Each ion in the MS / MS spectrum of this peptide was identified and assigned to the theoretically generated ions (b, y ion series) of each peptide (EKL TQE LK and SRLDQELK), and the systematic error was assigned. Plotted against m / z and shown in FIG. In SRLDQELK (♦ in Fig. 4), the relative error of all ions was within a narrow range, whereas in EKLTQELK (Fig. 4), two different distributions were shown. In this way, by improving the mass accuracy by data processing, it became possible to distinguish peptides having similar masses and the same c-terminal sequence, and to correctly identify them. Industrial applicability

According to the present invention, since it is not necessary to calibrate the mass spectrometer before the start of measurement or to add an internal standard to the sample in advance, continuous operation of the mass spectrometer (operation without interruption due to calibration work) ) Becomes possible. As a result, the operator is released from troublesome device adjustment work, and the efficiency of the molecule identification work can be improved.

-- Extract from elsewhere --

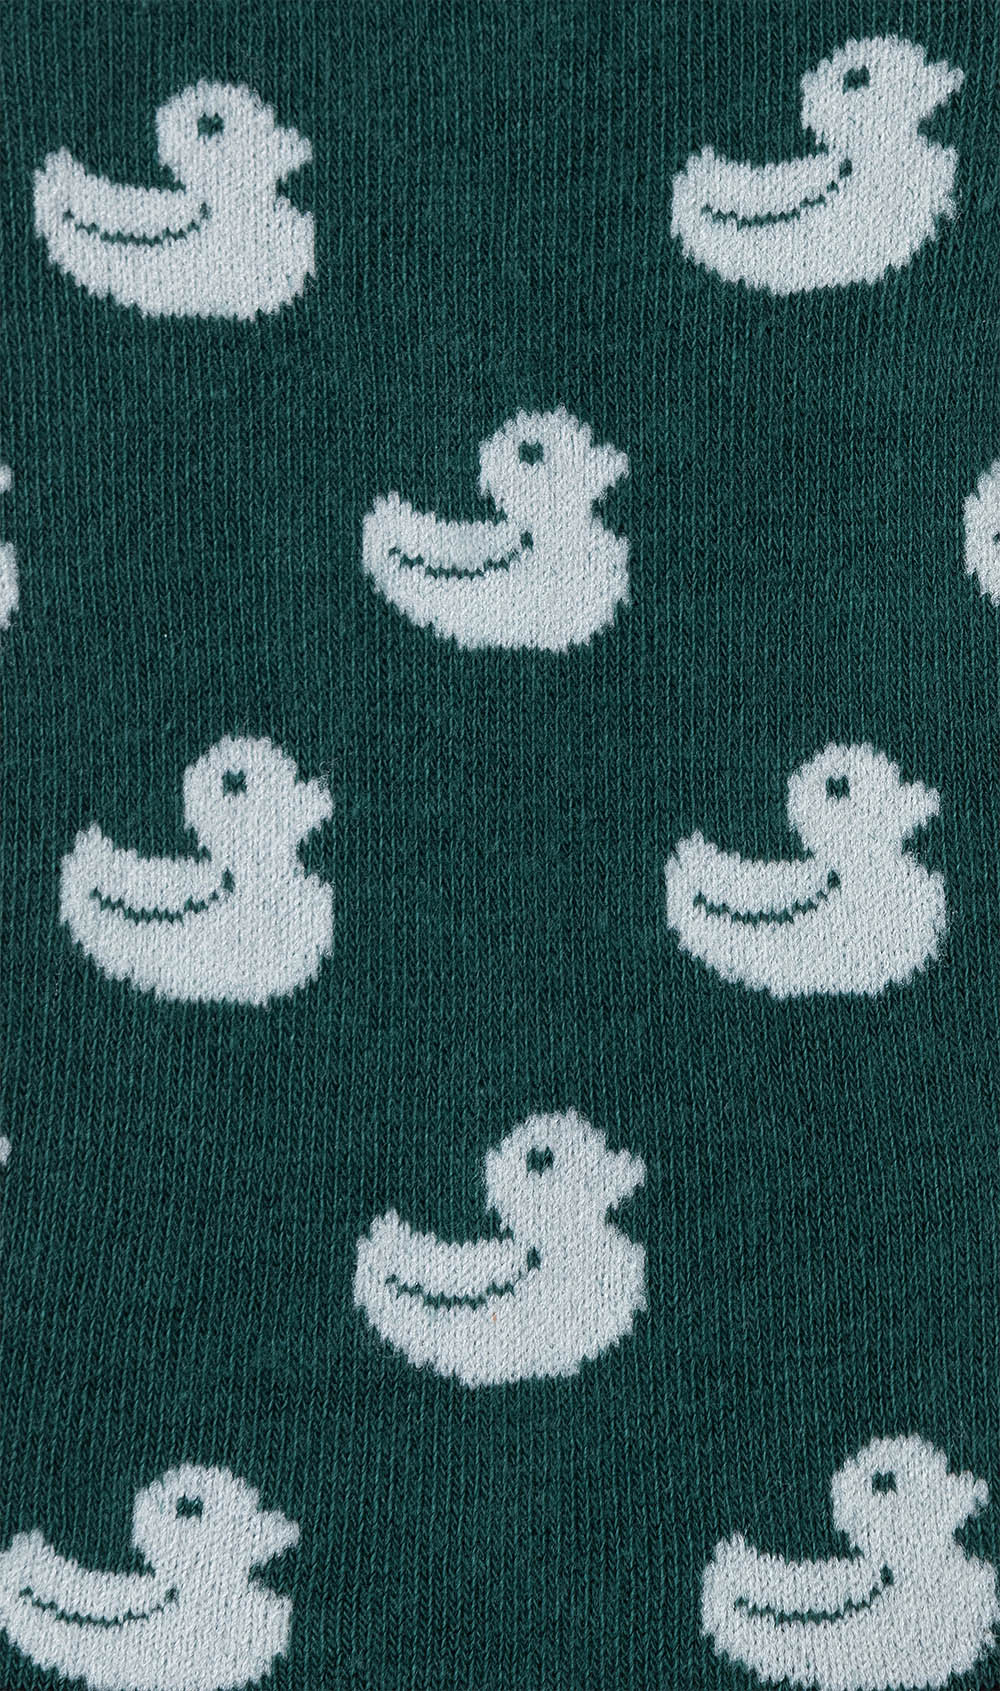 Forest Green Duckling Low Cut Socks Pattern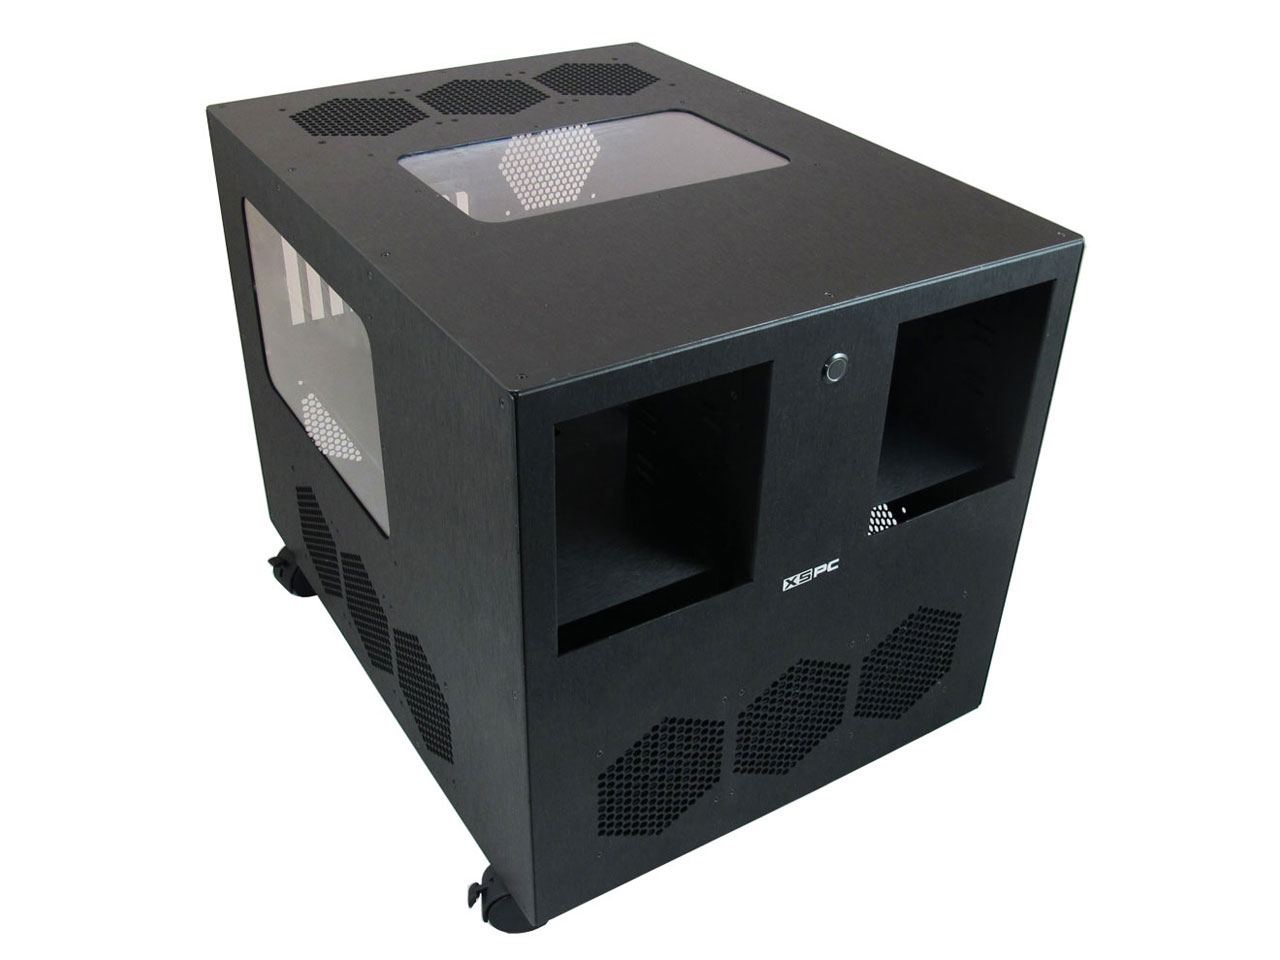 Cube Case с отсеком 5.25. X Cube корпус. Пластиковый чёрный куб с панелью компьютера. Корпус cube

In addition, by eliminating the effects of errors in the mass spectrometer itself, it is possible to implement a highly accurate and reliable automatic biopolymer identification method based only on data processing, and to use multiple mass spectrometers. Since the measurement system used can achieve unification of the data accuracy obtained from each mass spectrometer, it is possible to reliably prevent erroneous identification of unknown sample molecules.

Claims

The scope of the claims

1. a mass measurement procedure for measuring the mass of a biopolymer in a sample based on a mass spectrometry method;

A database search procedure for searching for candidate molecules by matching the measured mass value obtained by the mass measurement procedure with a predetermined data pace;

A candidate molecule selection procedure for selecting an arbitrary number of candidate molecules having a high similarity score, a mass value calibration procedure for calibrating an actually measured mass value using the candidate molecule as an internal standard, and a calibration mass value of the candidate molecule obtained by the above procedure And calculating a relative error between the theoretical mass value and a standard deviation of the relative error;

A method for automatically identifying a biological macromolecule, comprising: performing a procedure for obtaining an allowable error of the data pace search procedure from the standard deviation; and performing the data pace search procedure again based on the allowable error.

2. The mass value calibration procedure calculates a relative error between the measured mass value and the theoretical mass value of the candidate molecule selected in the candidate molecule selection procedure,

A procedure for creating a least-squares line for the plot of the theoretical mass value and the relative error to estimate the systematic error of the measured mass value;

2. The method for automatically identifying a biopolymer according to claim 1, wherein the system error is subtracted from all the actually measured values to calibrate the actually measured mass value.

3. Program information that can execute each procedure constituting the method for automatically identifying biopolymers according to claim 1 or 2 by using a computer system. An information recording medium characterized by storing therein.